In PHP, array_diff() is a very practical function to compare arrays and return differences. It compares values to find out elements in the first array but not in other arrays. This is usually not a problem with the processing of strings and integers, but when dealing with floating-point arrays, some "unexpected" behavior may occur, because of the accuracy of floating-point numbers.
Let's start with a simple example:
<?php
$a = [1.1, 2.2, 3.3];
$b = [2.2, 3.3];
$result = array_diff($a, $b);
print_r($result);
The output is:
Array
(
[0] => 1.1
)
This result is in line with expectations. However, in some cases, floating point numbers may cause errors in comparison of array_diff() due to precision limitations.
Floating-point numbers cannot accurately represent certain decimals in computers, and there may be slight errors. For example:
<?php
$a = [0.1 + 0.2]; // The actual value is 0.30000000000000004
$b = [0.3];
$result = array_diff($a, $b);
print_r($result);
The output is:
Array
(
[0] => 0.30000000000000004
)
You might think 0.1 + 0.2 == 0.3 , but the binary floating point representation inside the computer makes this equation not always true. This means that array_diff() will consider the two values not equal , resulting in a misjudgment.
The underlying layer of array_diff() is based on loose comparison ( == ) to determine whether the two values are equal.

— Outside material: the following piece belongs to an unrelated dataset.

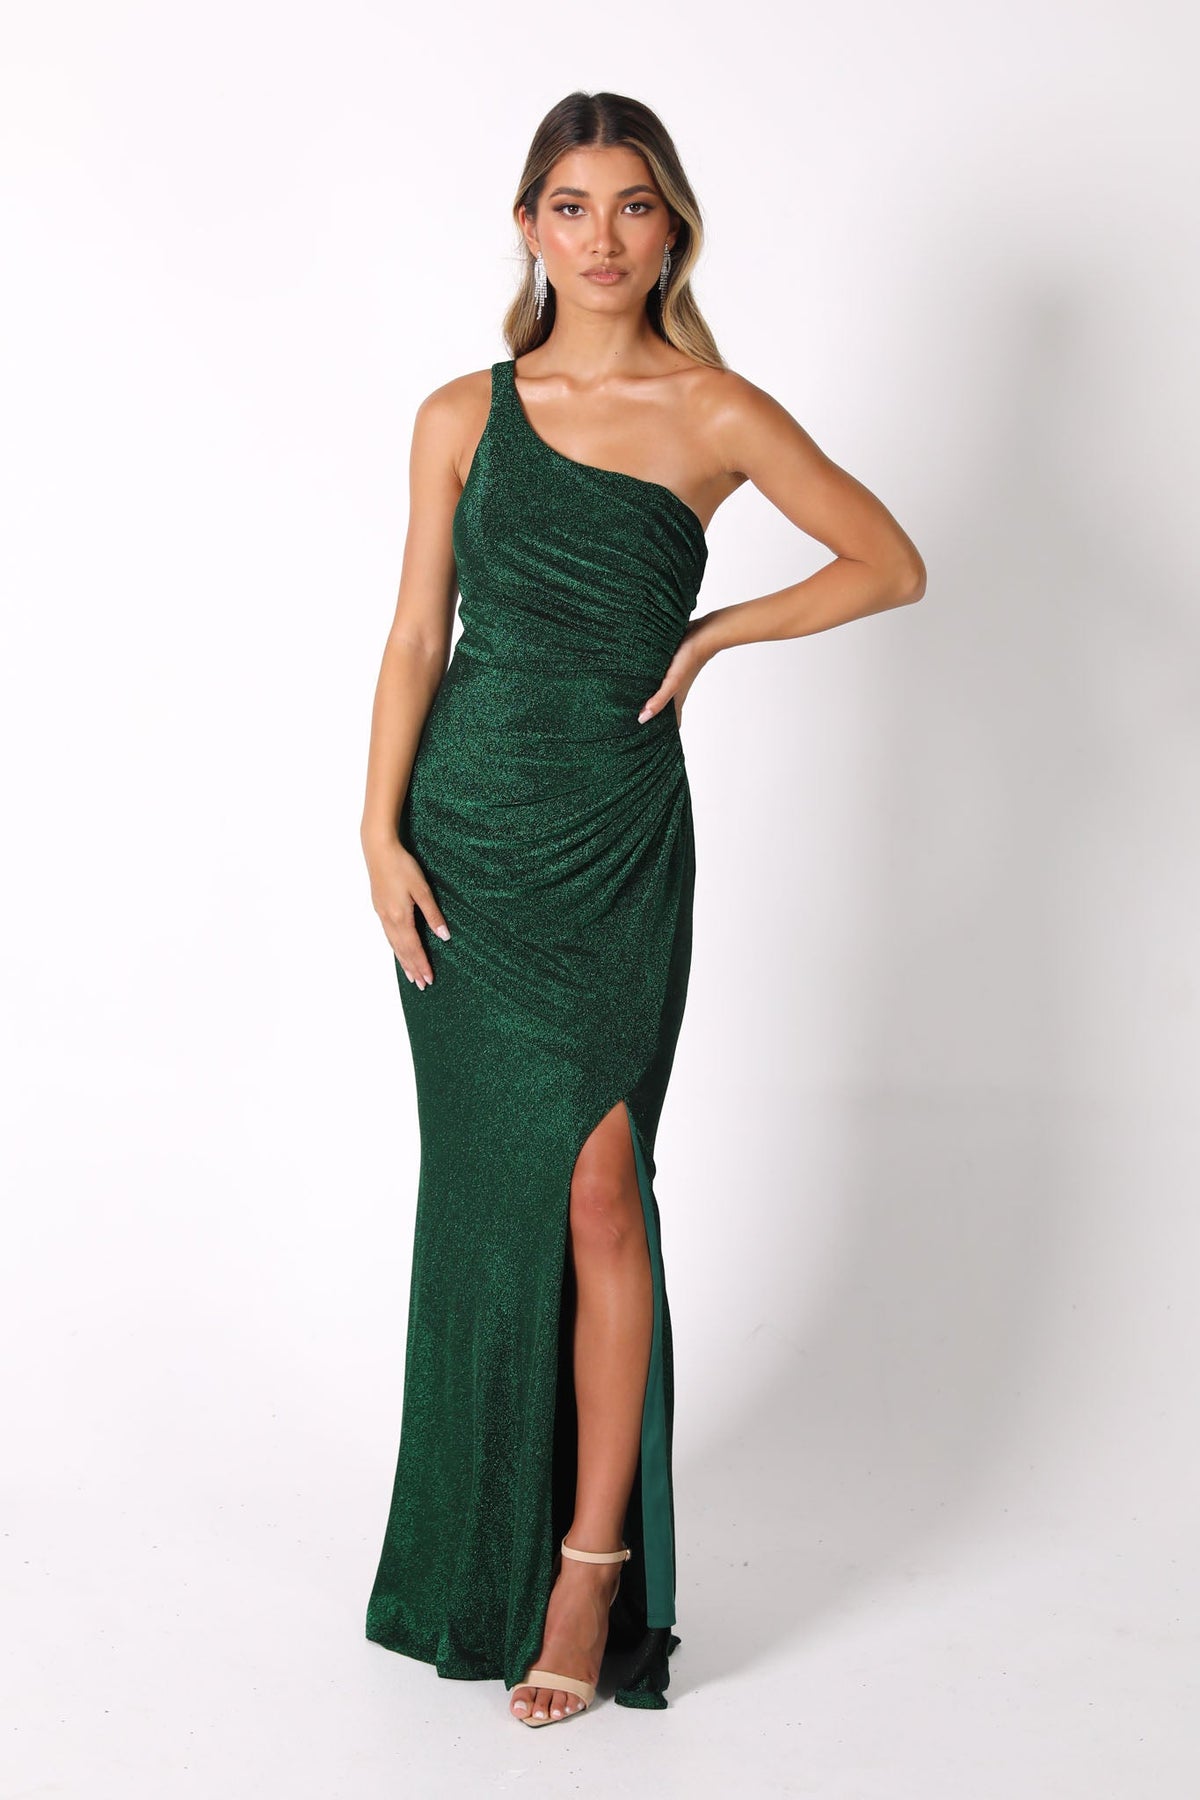 CALI One Shoulder Maxi Dress - Shimmer Green – Noodz Boutique

But the accuracy problem of floating-point numbers itself means that even if two numbers are logically "equal", their representations in memory may be different, especially after decimal calculations are involved.
In processing financial data, sensor data, or other business scenarios that require precise calculations, this behavior of array_diff() can lead to:
Incorrectly identify whether the data exists
Logical errors in business judgment branch
Unable to synchronize or compare data differences correctly
This is not only a code bug, but may even be a business security issue .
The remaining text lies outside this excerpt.